▶ **Material to process**
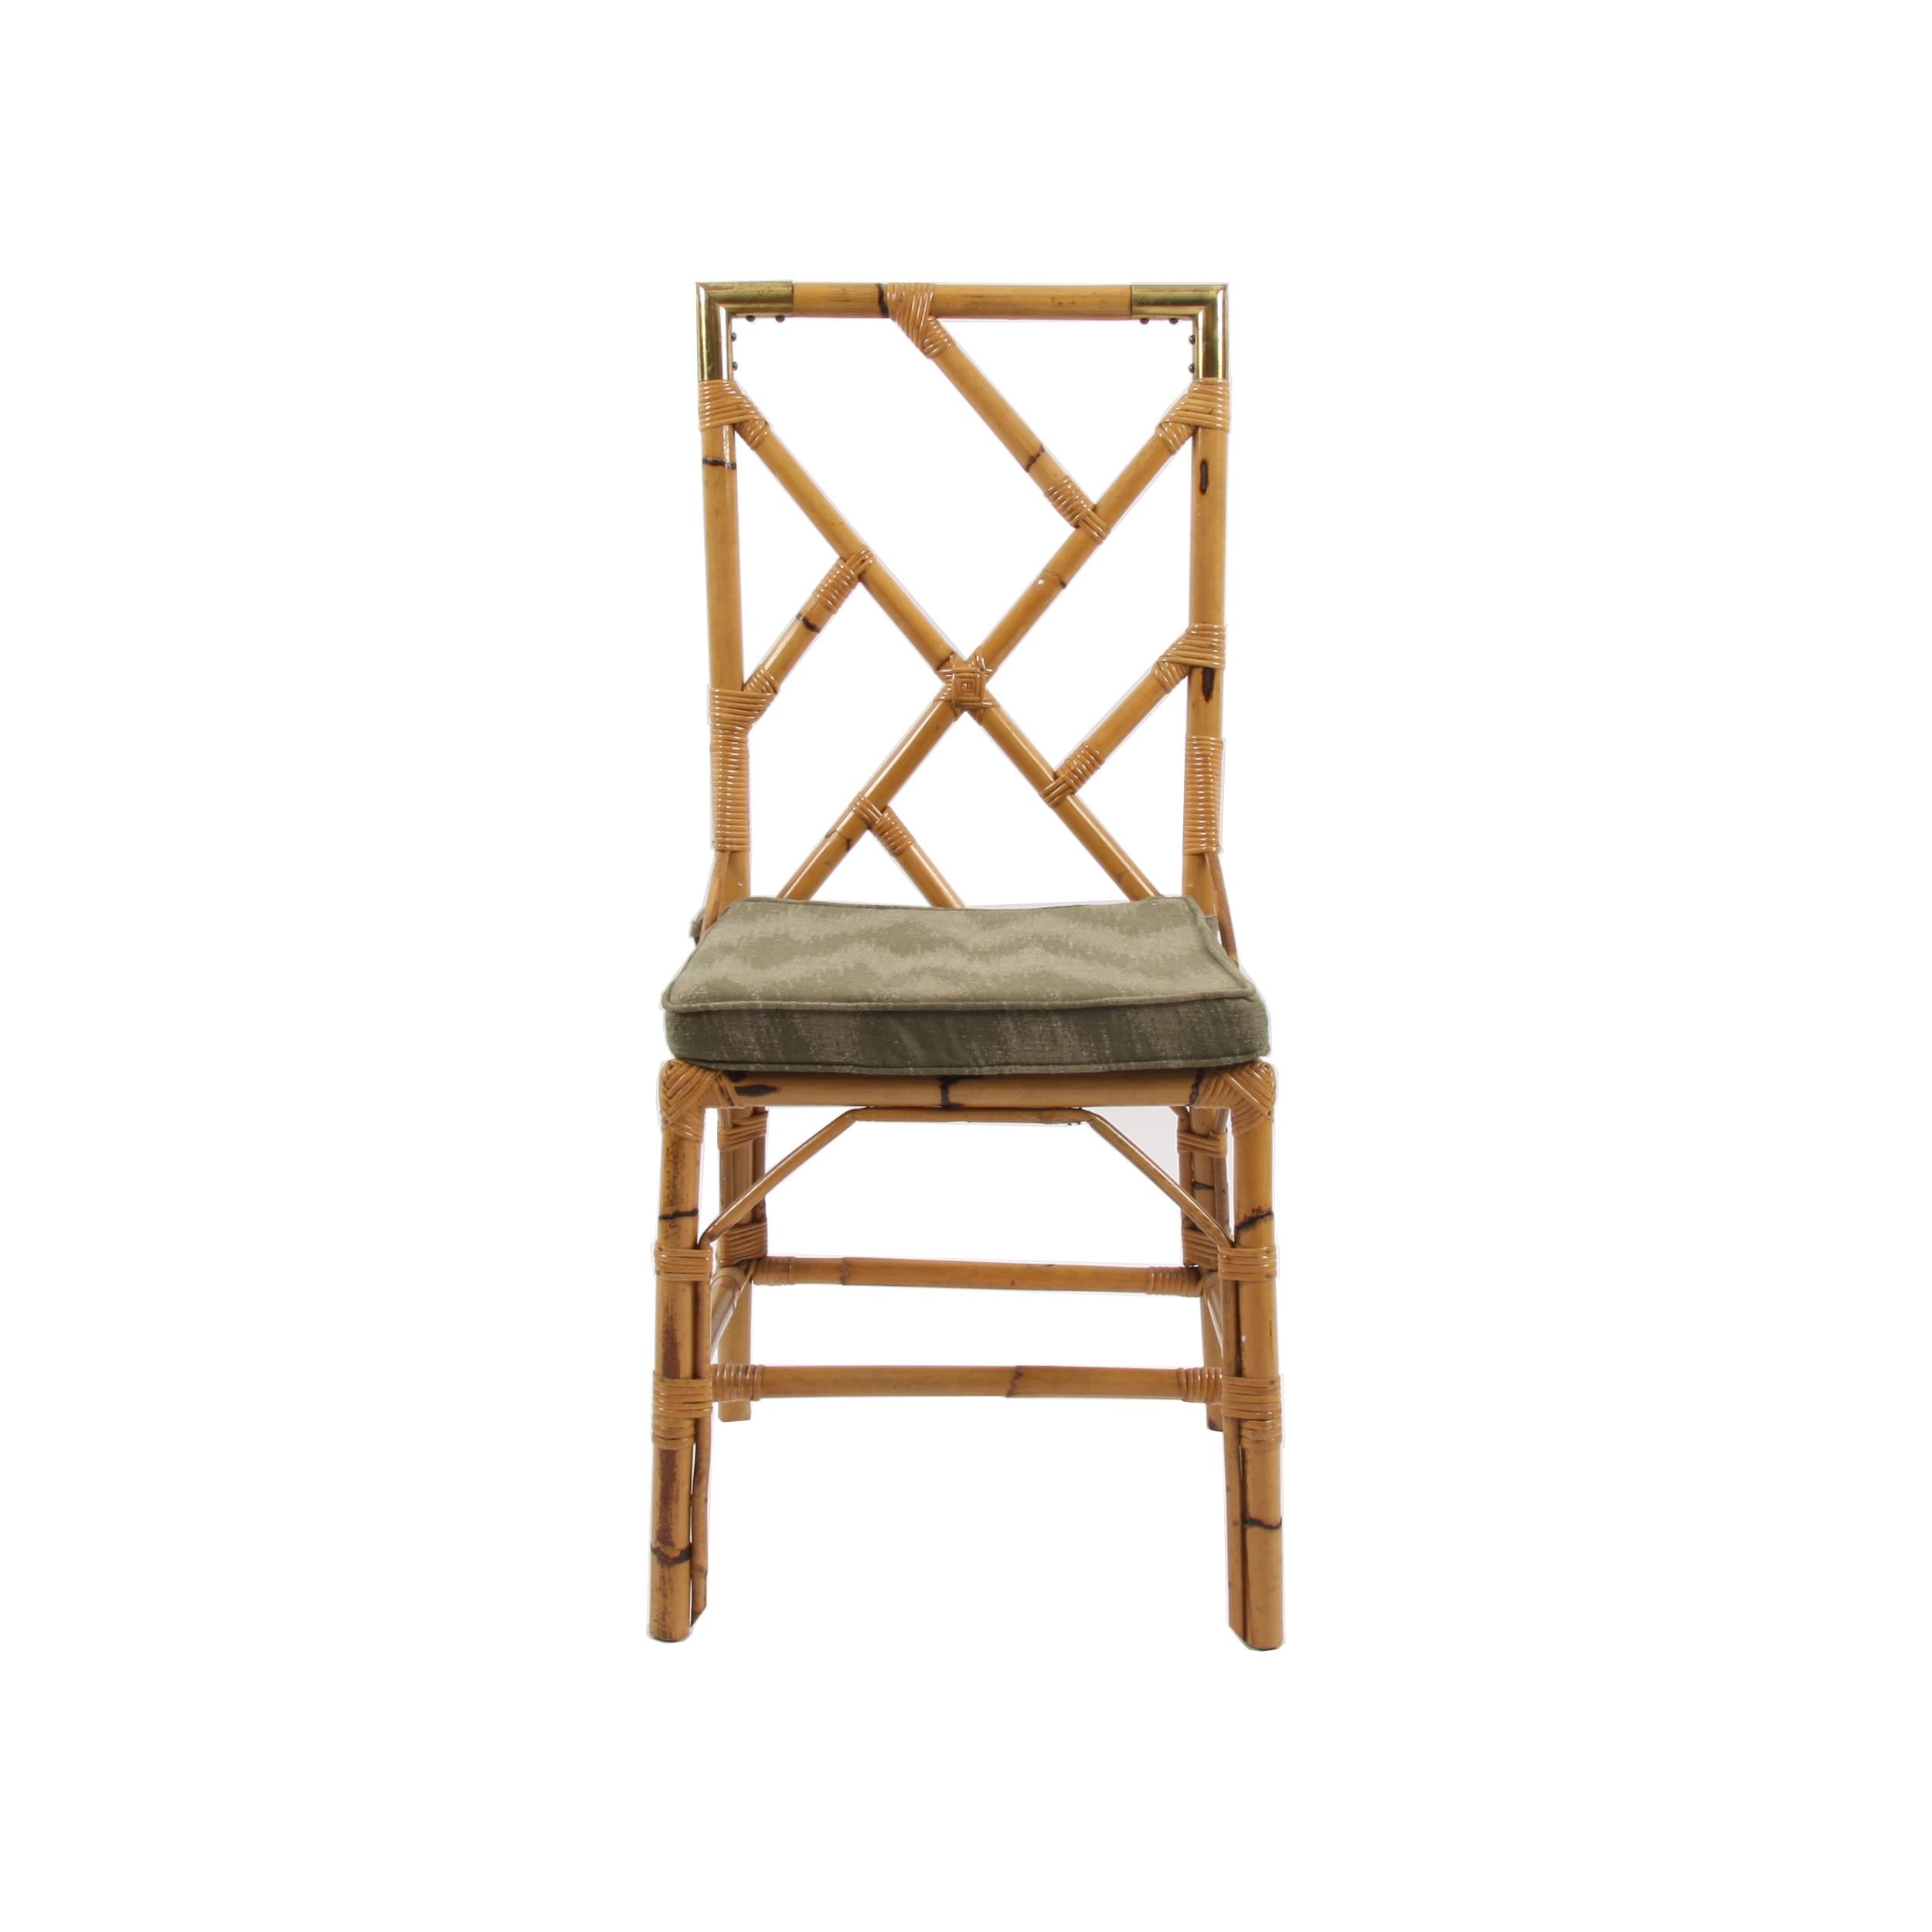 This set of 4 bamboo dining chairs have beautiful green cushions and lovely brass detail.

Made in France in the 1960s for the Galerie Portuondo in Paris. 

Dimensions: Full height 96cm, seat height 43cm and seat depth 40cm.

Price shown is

==

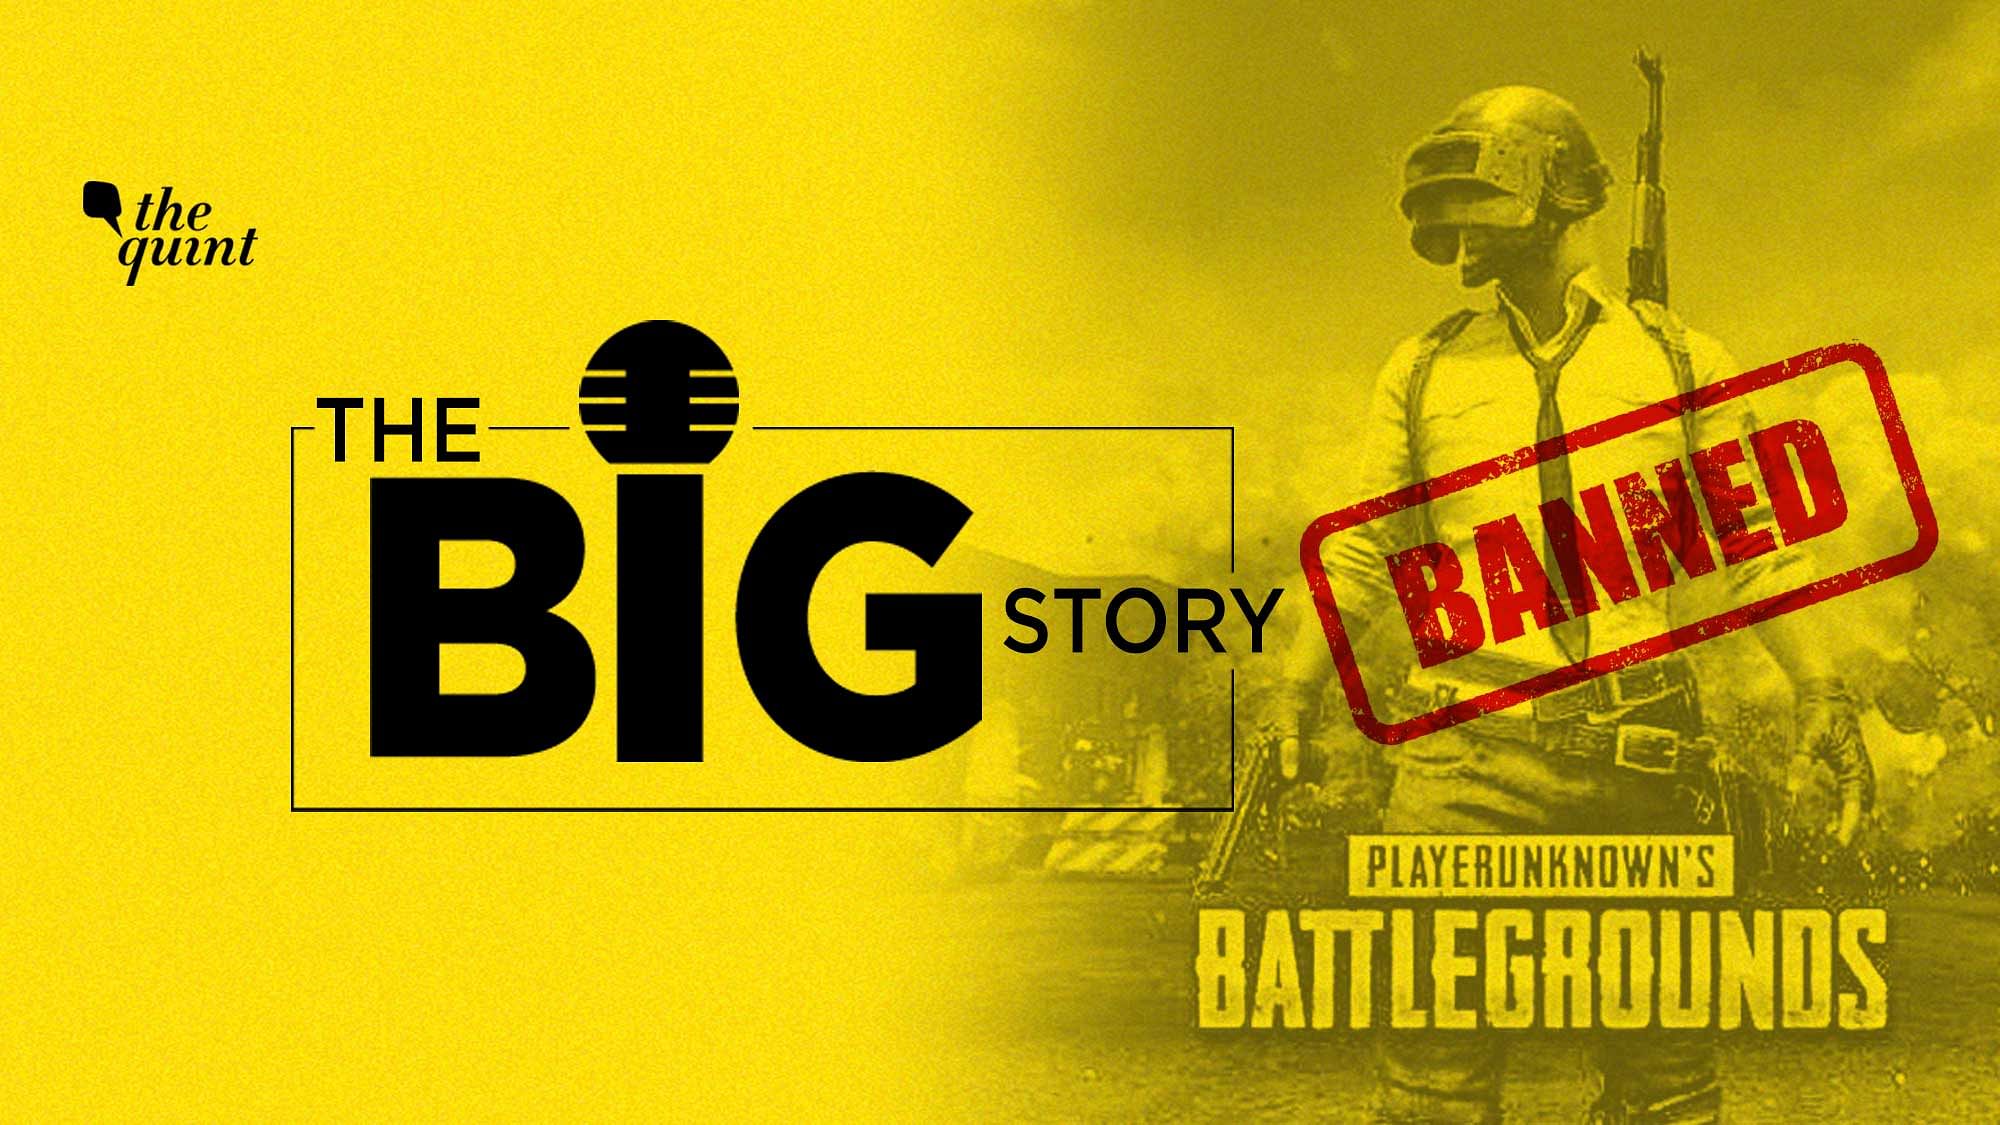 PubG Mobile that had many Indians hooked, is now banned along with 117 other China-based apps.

▶ **Work instruction**
Print nothing but the lines above starting with the line that contains "This set of" and going on through the line that contains "Price shown is". Leave out the pictures.

▶ **Answer section**
 This set of 4 bamboo dining chairs have beautiful green cushions and lovely brass detail.

Made in France in the 1960s for the Galerie Portuondo in Paris. 

Dimensions: Full height 96cm, seat height 43cm and seat depth 40cm.

Price shown is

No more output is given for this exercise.